→ **Given information**:
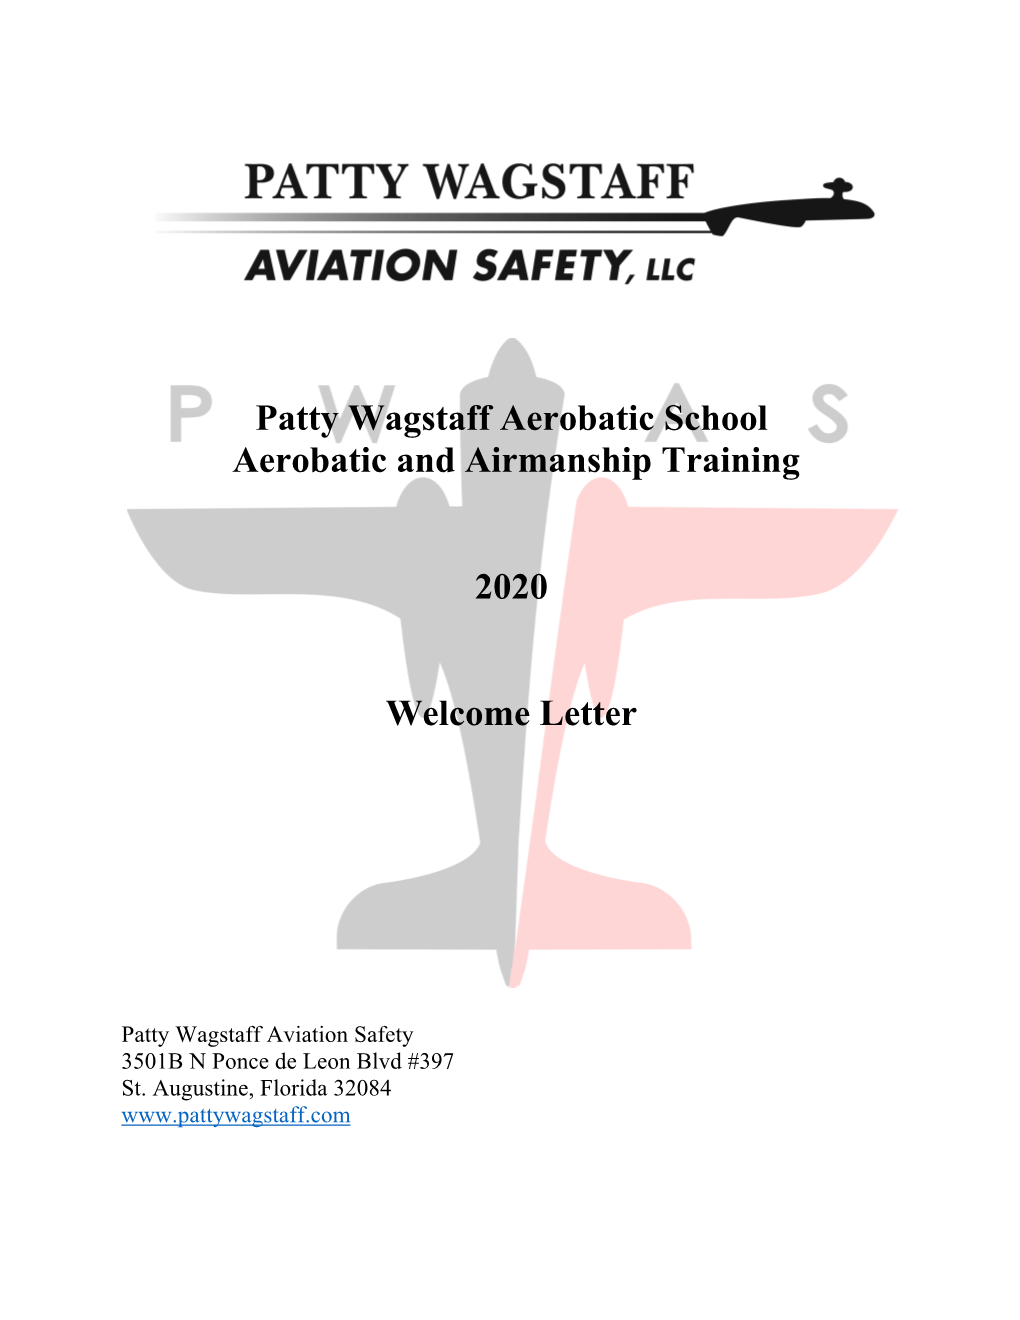 Patty Wagstaff Aerobatic School Aerobatic and Airmanship Training
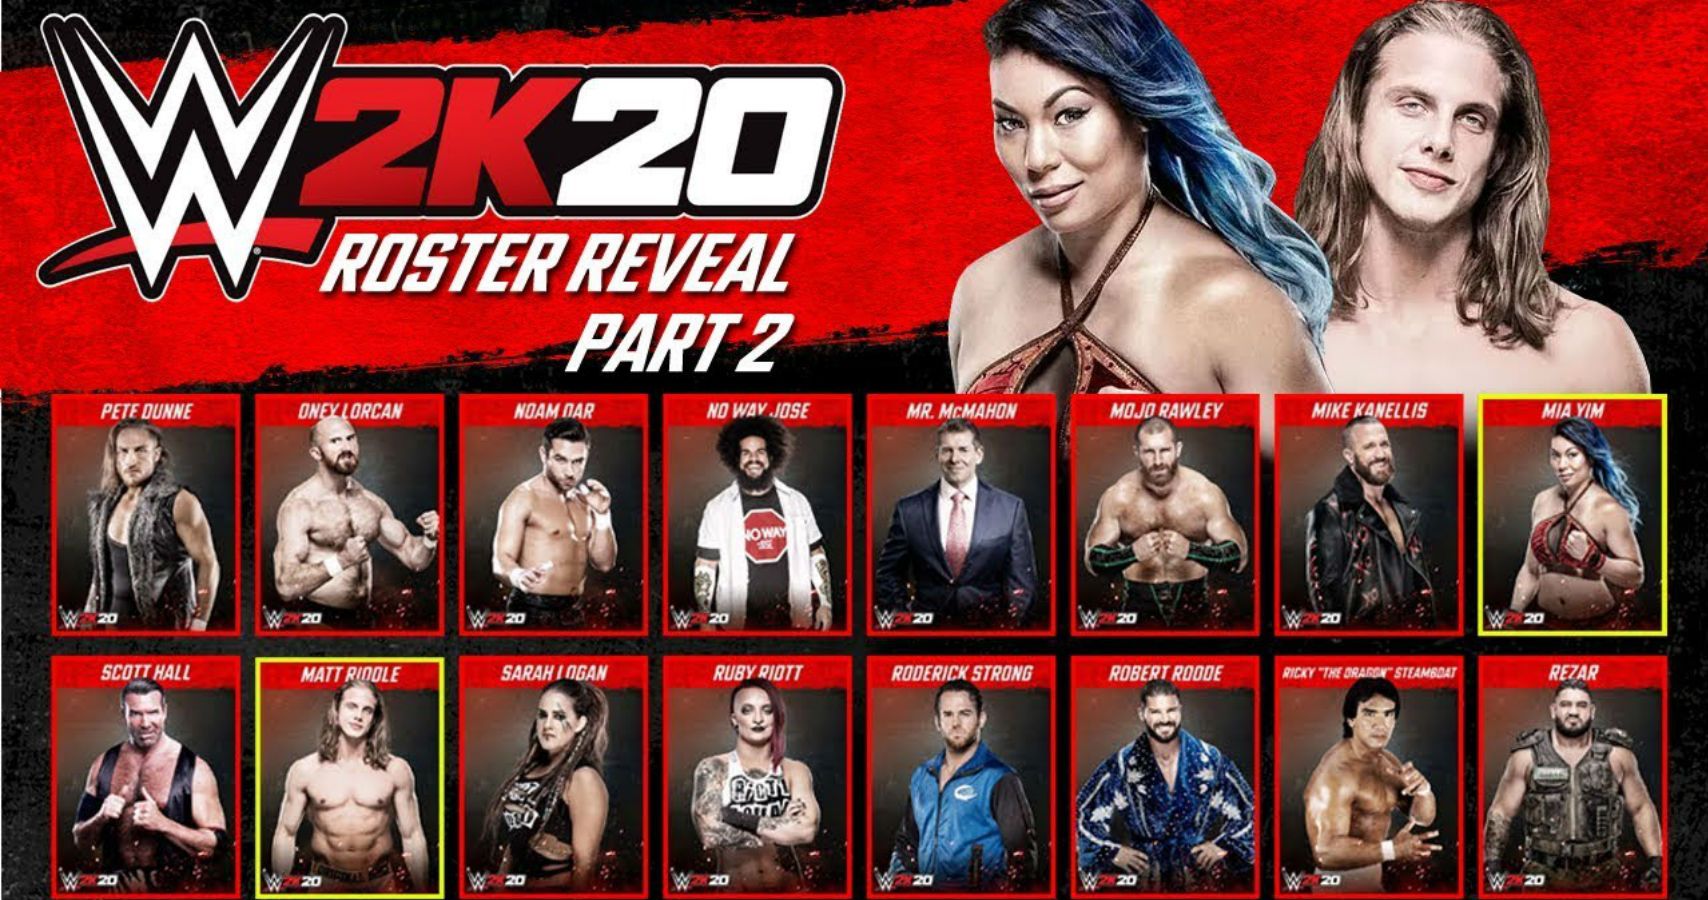 WWE 2K20: Confirmed Roster
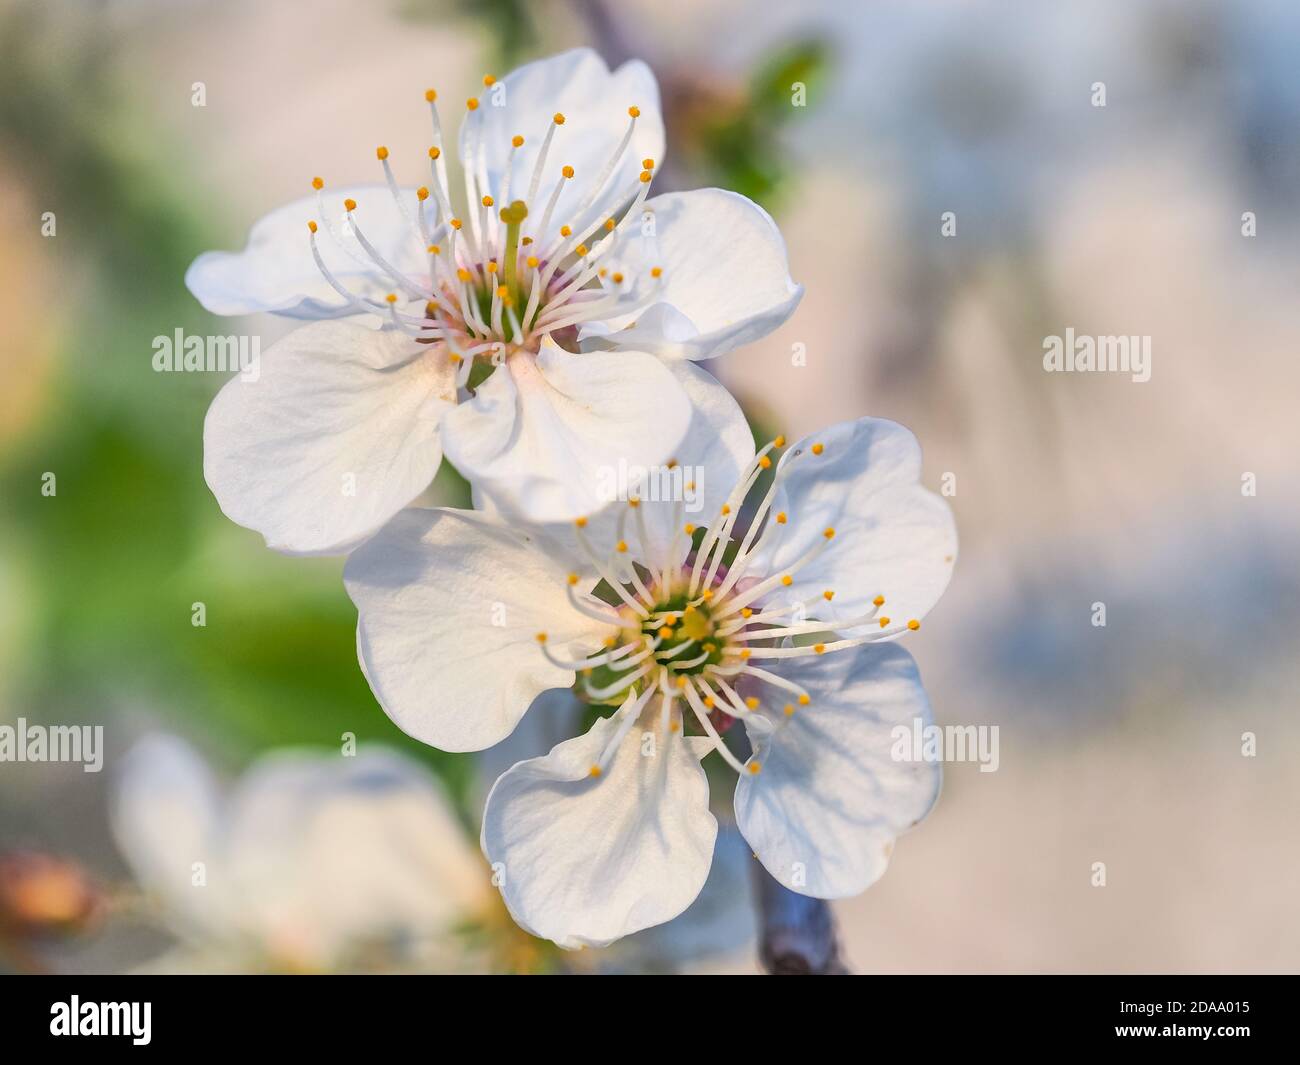 Sweet cherry flowers. White blossoms of Prunus avium in the blurred background. Deciduous, flowering plant in the family Rosaceae, subgenus Cerasus. Stock Photo
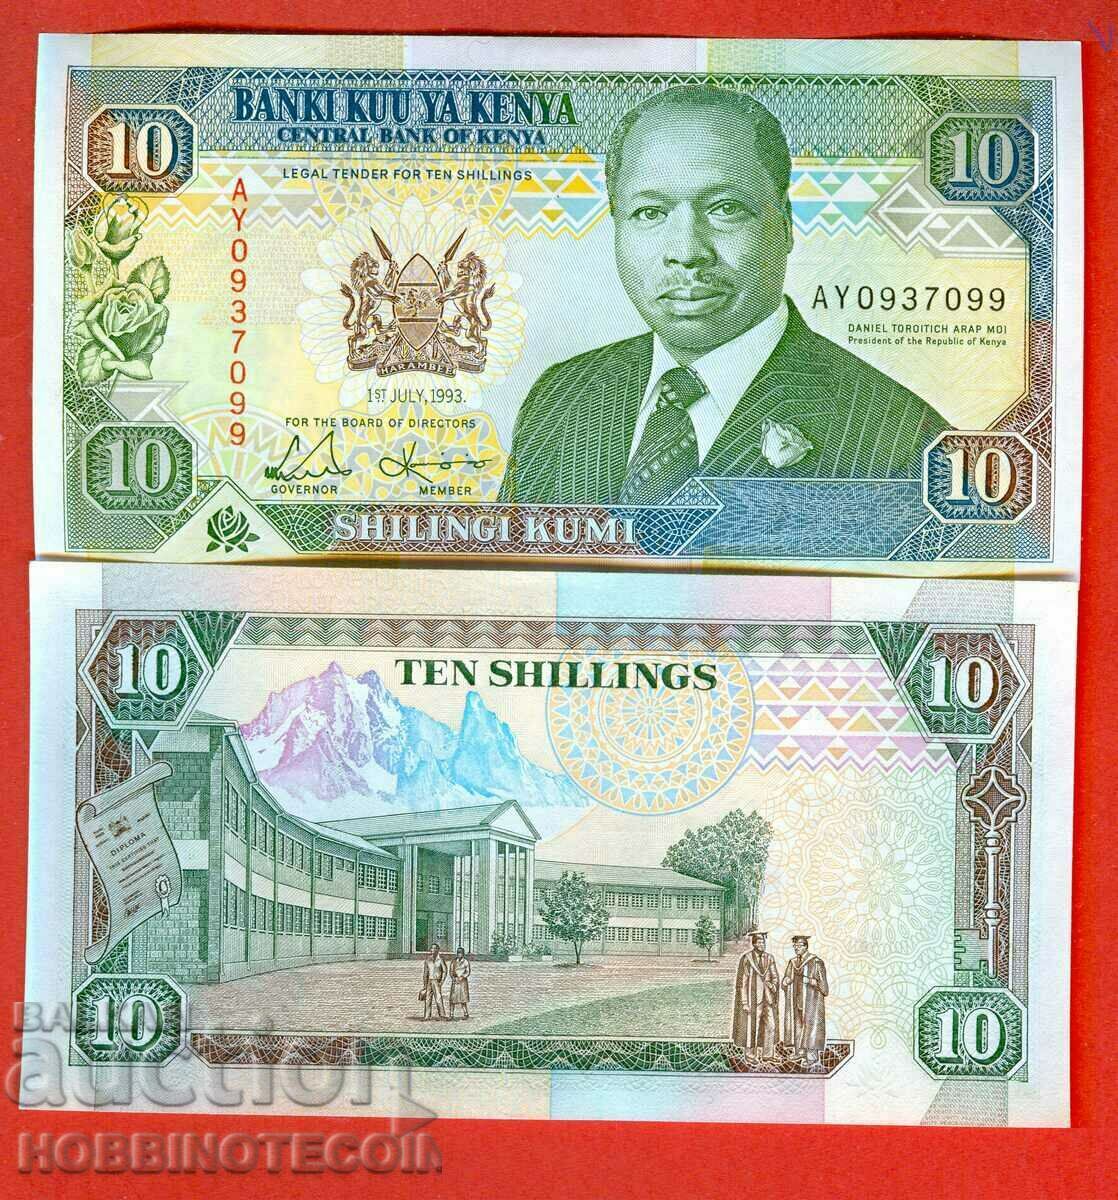 KENYA KENYA 10 Shilling issue - issue 1993 NEW UNC

→ **What you need to do**:
Write out the listing again word for word, but without its pictures.

→ **Answer to this task**:
 Patty Wagstaff Aerobatic School Aerobatic and Airmanship Training
 WWE 2K20: Confirmed Roster
 Sweet cherry flowers. White blossoms of Prunus avium in the blurred background. Deciduous, flowering plant in the family Rosaceae, subgenus Cerasus. Stock Photo
 KENYA KENYA 10 Shilling issue - issue 1993 NEW UNC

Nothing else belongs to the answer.